Bettenhaus-Inhaber Friedrich Boyens hatte viel Erfolg und viel Pech. Er fühlte sich verraten – auch von Gerhard Schröder. Wir erinnern an sein bewegtes Unternehmerleben.

Friedrich Boyens, geboren 1944 an der Nordseeküste, war der Inhaber von zehn Berliner Bettenhäusern. In den 1980er Jahren kannte fast jeder „Betten Rutz“. Doch später wurde Boyens ein Opfer der spektakulären Milliardenpleite des Betrügers Jürgen Schneider. Boyens stritt sich mit Banken – und besonders hart mit Bundeskanzler Gerhard Schröder, der als niedersächsischer Ministerpräsident im Aufsichtsrat der Landesbank NordLB gesessen hatte. 2015, nach 34 Jahren, schloss das letzte „Betten Rutz“-Haus in Schmargendorf. In 40 Aktenordnern sammelte Boyens alle Unterlagen zu seinem Streit. Auf dieser Basis wollte er ein Skandalbuch schreiben.

Dazu kam es nicht mehr: Vor gut drei Wochen, am 6. Juni, ist Friedrich Boyens im Alter von 74 Jahren an Prostatakrebs gestorben. Aus Berlin war er 2017 in seinen Geburtsort Sankt Peter-Ording zurückgekehrt, wo eine seiner zwei Töchter lebt. Am Freitag findet dort in kleinem Kreis die Trauerfeier statt. Anreisen wird auch Boyens’ Steuerberater Dieter Klaus, der über seinen langjährigen Klienten sagt: „Er war ein echter Nordfriese, für den Vertrauen wichtig war. Ein Mann, ein Wort – und eine klare Kante.“ Gerade deshalb habe es den Unternehmer tief getroffen, als er sich betrogen und verraten fühlte. Der Kampf gegen die NordLB sei zu Boyens’ „Manie“ geworden.

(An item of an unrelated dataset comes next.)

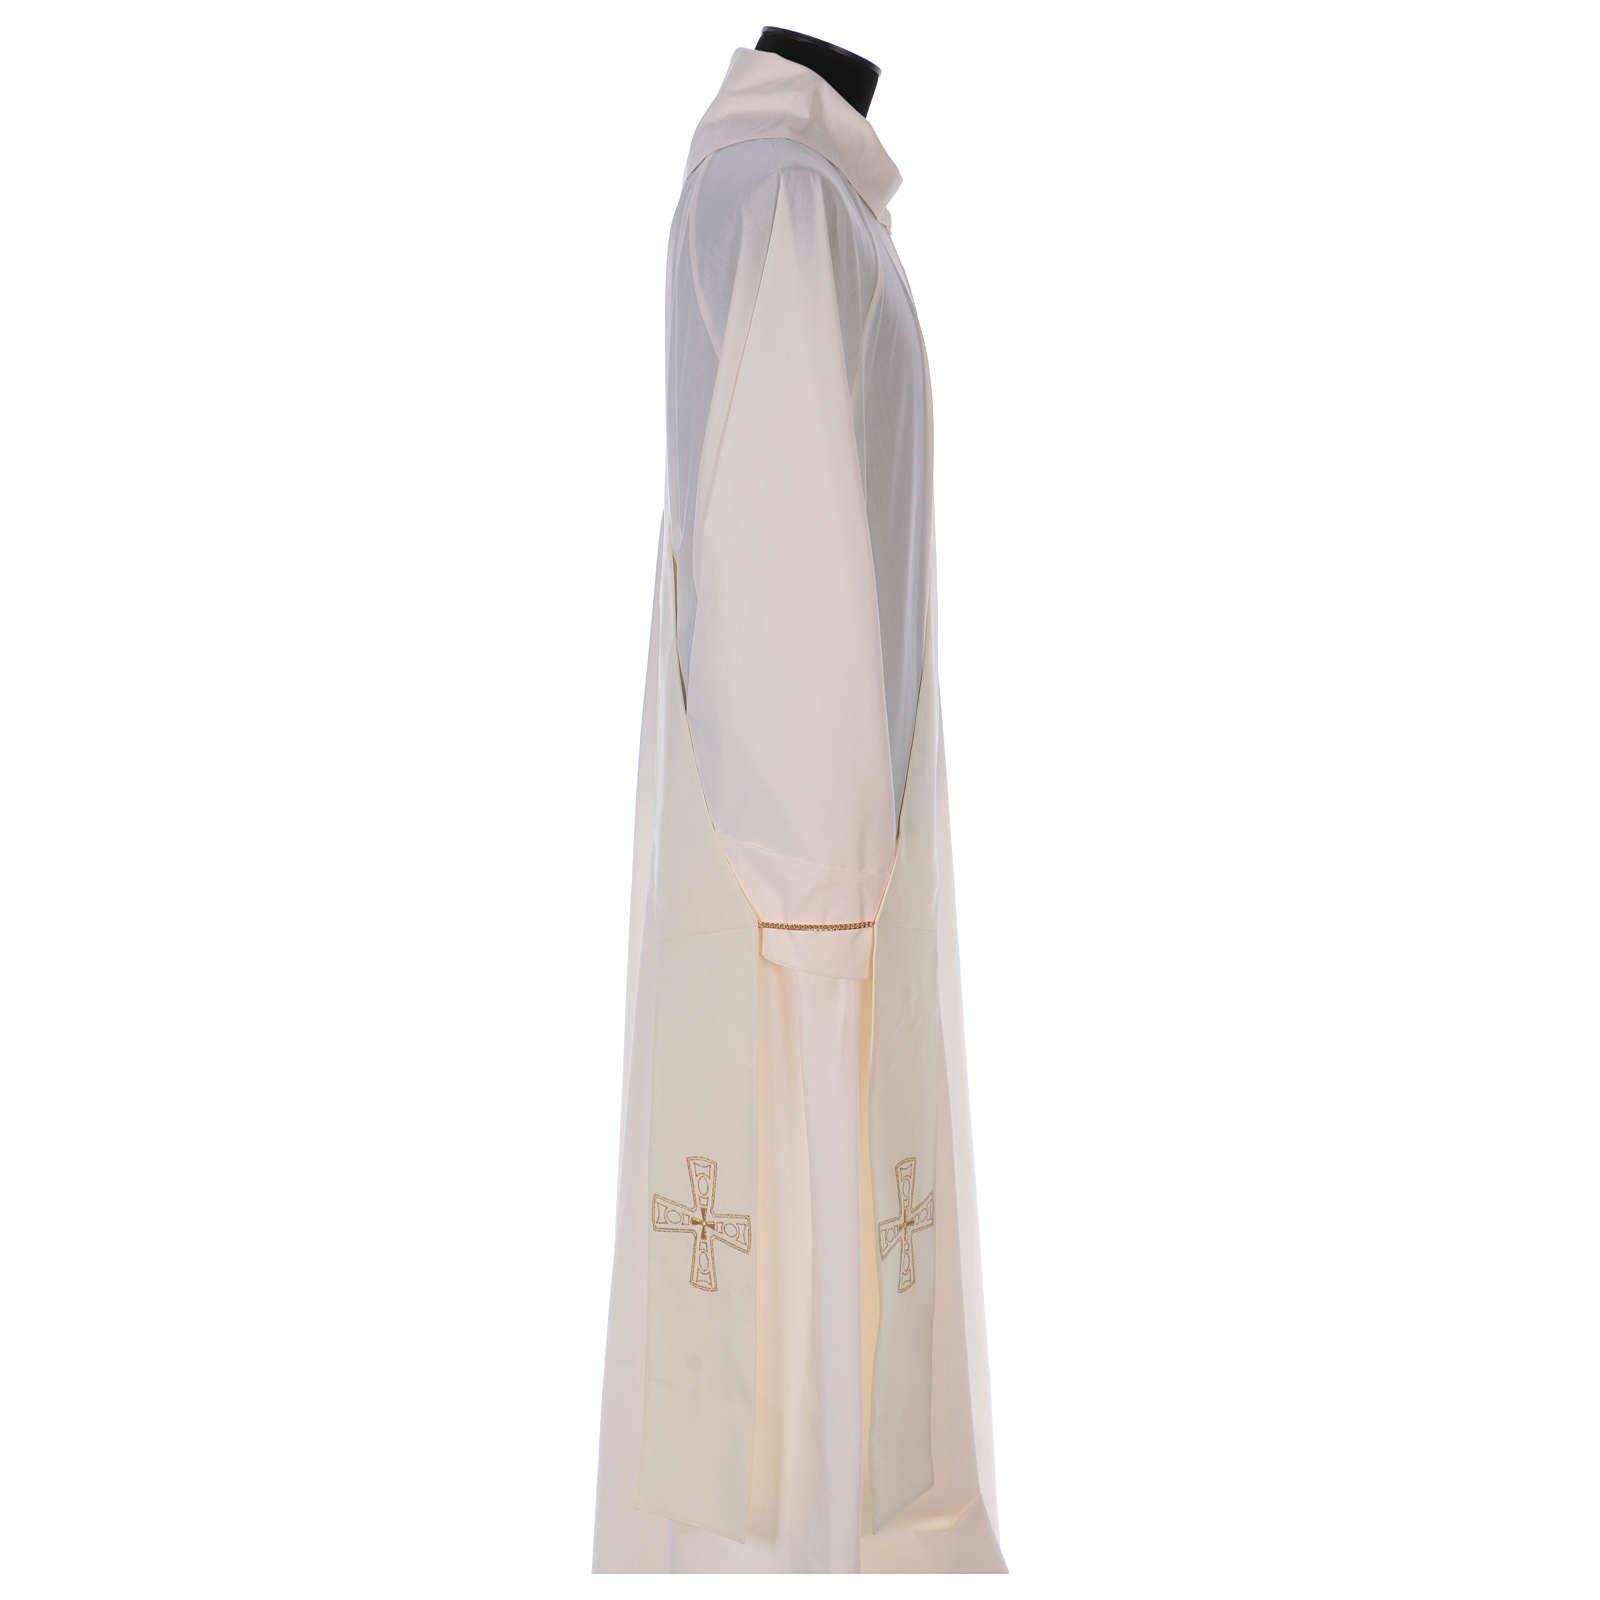 Étole diaconale 100% polyester avec croix 4

Ein Gespräch mit dem Tagesspiegel dehnte dieser einmal auf mehr als sechs Stunden aus, um seine Aktenberge zu präsentieren. So entstand der Artikel „Wie im Albtraum“, der im Februar 2014 im Magazin Tagesspiegel KÖPFE erschien. Hier zitieren wir daraus in Auszügen.

Auf der Erfolgsspur

Boyens hat an der FU Berlin Betriebswirtschaft studiert und über Filialsysteme im Einzelhandel promoviert. Zunächst berät er Handelsketten bei ihrer Standortwahl, und als er genügend Startkapital verdient hat, übernimmt er 1981 das damals schon 50 Jahre alte Betten- und Wäschehaus Rutz. Es sei stadtbekannt gewesen, „mehr als Möbel Hübner“, erinnert sich Friedrich Boyens. Doch es gibt nur fünf kleinere Standorte mit einem Jahresumsatz von zwei Millionen D-Mark. Von der Gothaer Versicherung mietet der Unternehmer Räume an der Tauentzienstraße 7 b/c, die Zahl der Filialen verdoppelt er im Laufe von 14 Jahren. Der Umsatz wächst auf 16 Millionen D-Mark und der Gewinn auf zwei Millionen D-Mark. „Betten für königlichen Schlaf“, lautet der Werbeslogan. Das Unternehmen floriert und gilt schließlich als Marktführer in Berlin. Drei Millionen D-Mark investiert der Chef allein an der Tauentzienstraße, zuletzt belegt sein Laden dort 1000 Quadratmeter Fläche über drei Etagen. Die Verträge verlängert er frühzeitig bis 2006. Die Gothaer Versicherung verkauft das Gebäude 1990 für 55,5 Millionen DM an schwedische Investoren.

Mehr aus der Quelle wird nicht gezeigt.